Collected material
.....

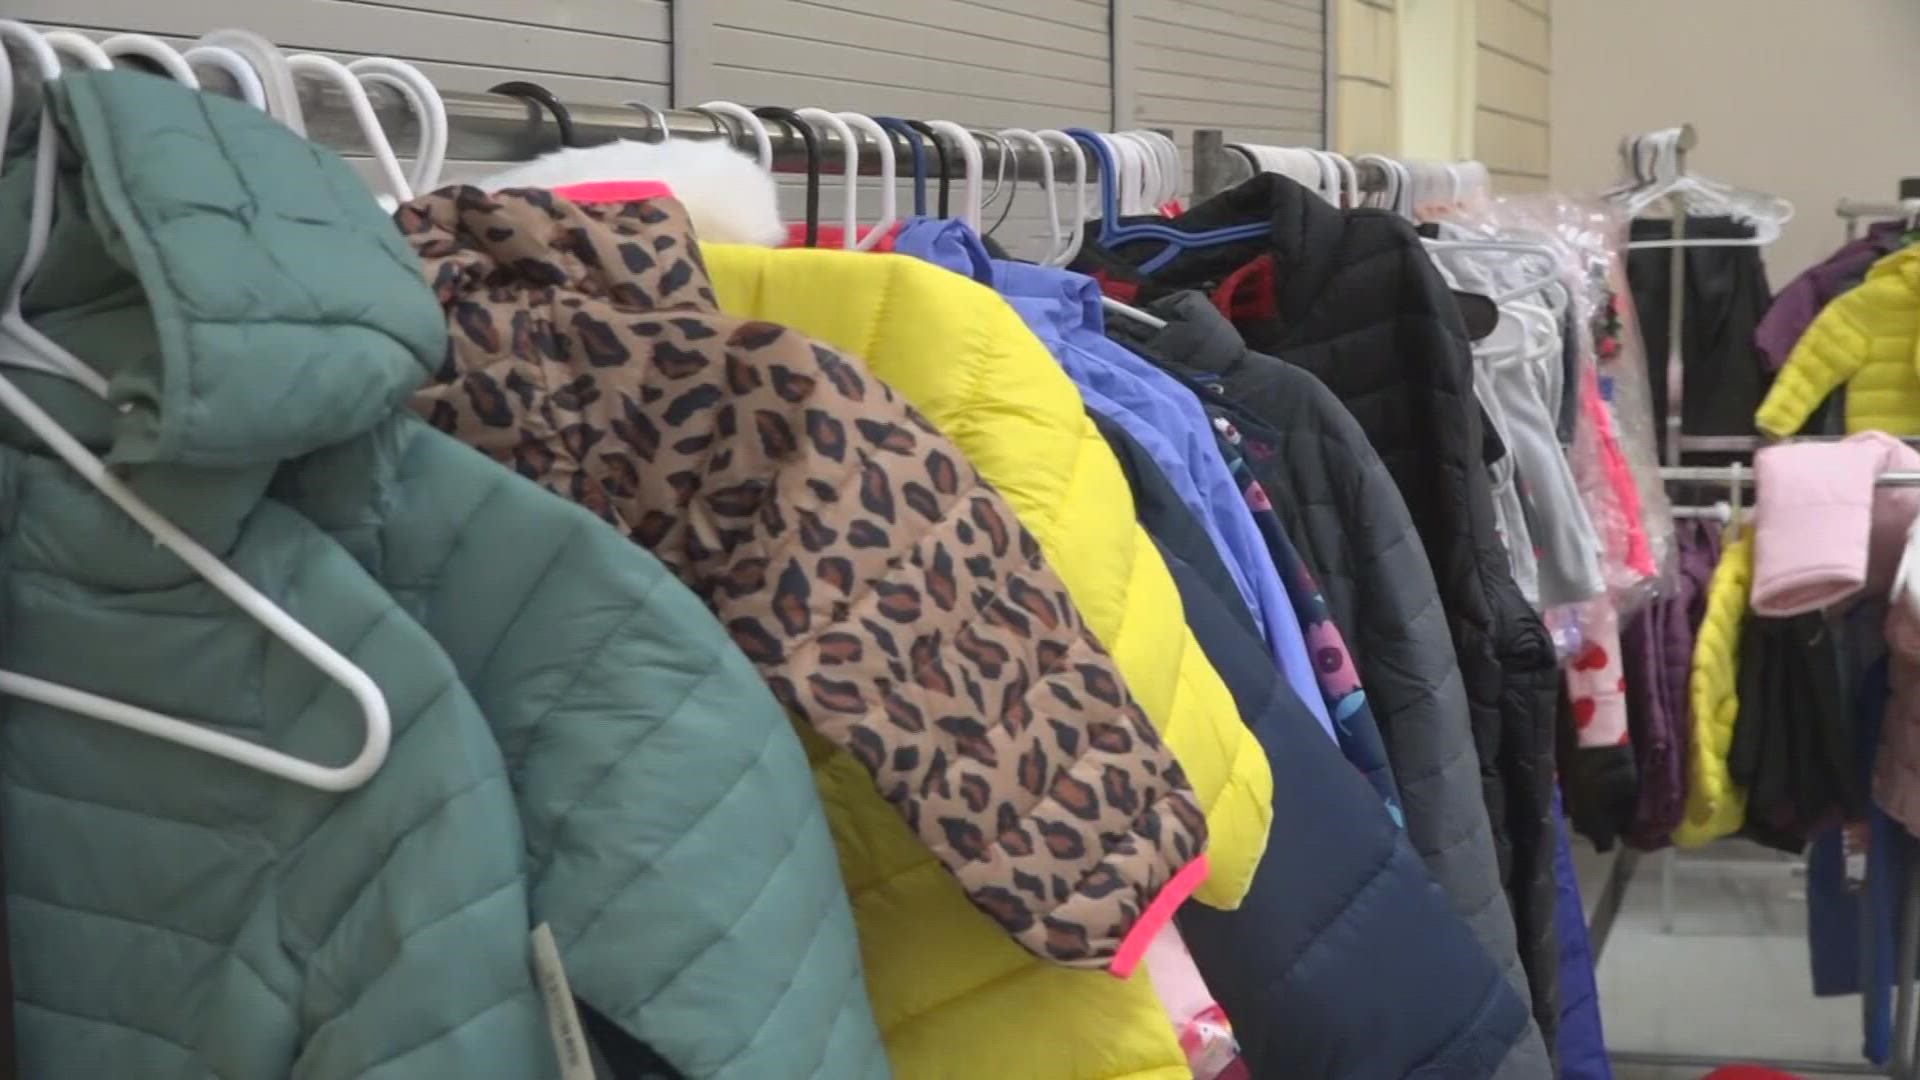 New and gently used coats and toys are still being accepted at locations throughout the state through Dec. 31, and donations will be given out to families in need.
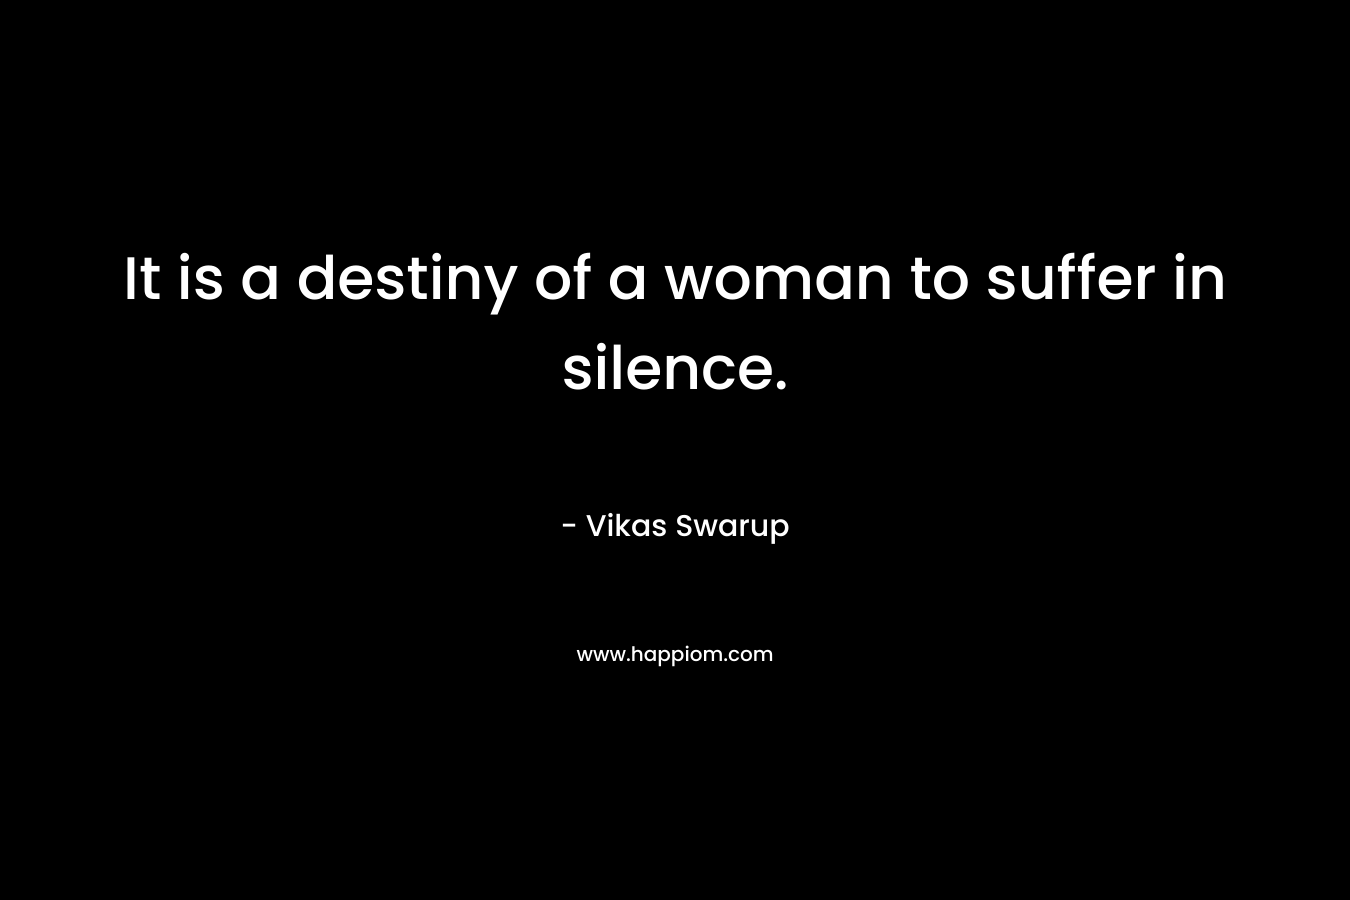 It is a destiny of a woman to suffer in silence.
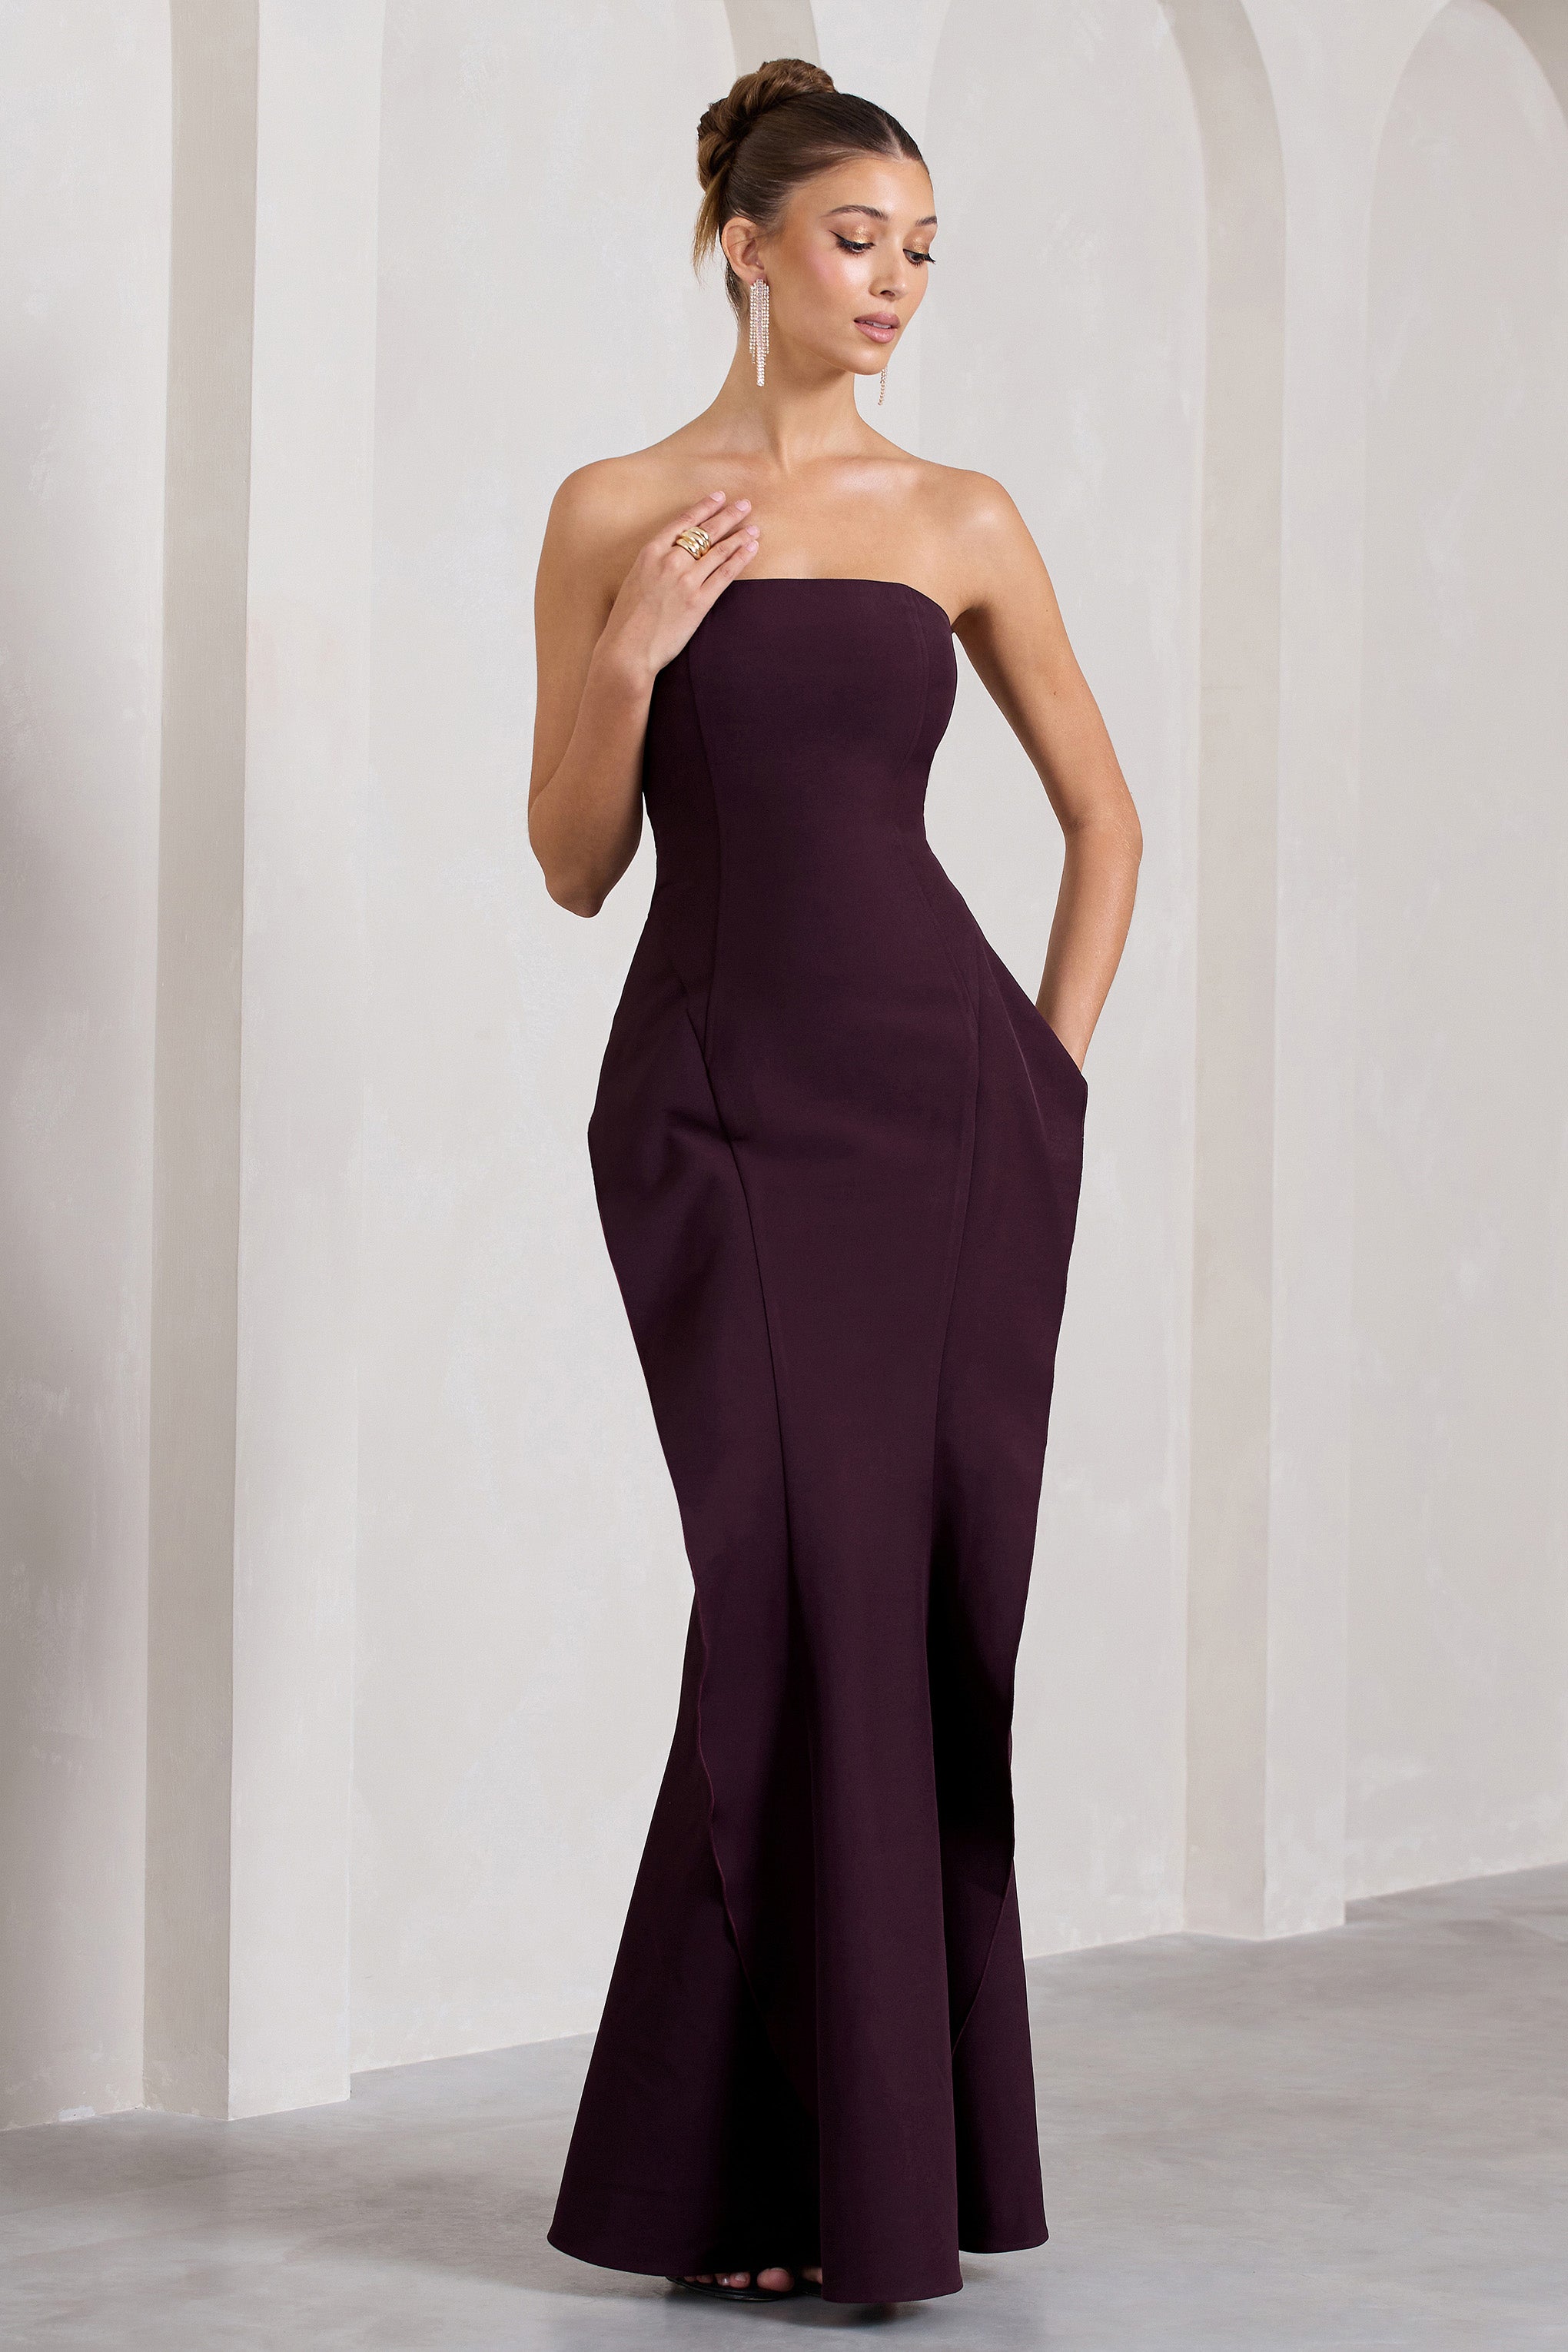 The Real Thing | Plum Strapless Draped Fishtail Maxi Dress product

.....

The answer is the full listing above, repeated exactly, with its pictures removed.

 New and gently used coats and toys are still being accepted at locations throughout the state through Dec. 31, and donations will be given out to families in need.
 It is a destiny of a woman to suffer in silence.
 The Real Thing | Plum Strapless Draped Fishtail Maxi Dress product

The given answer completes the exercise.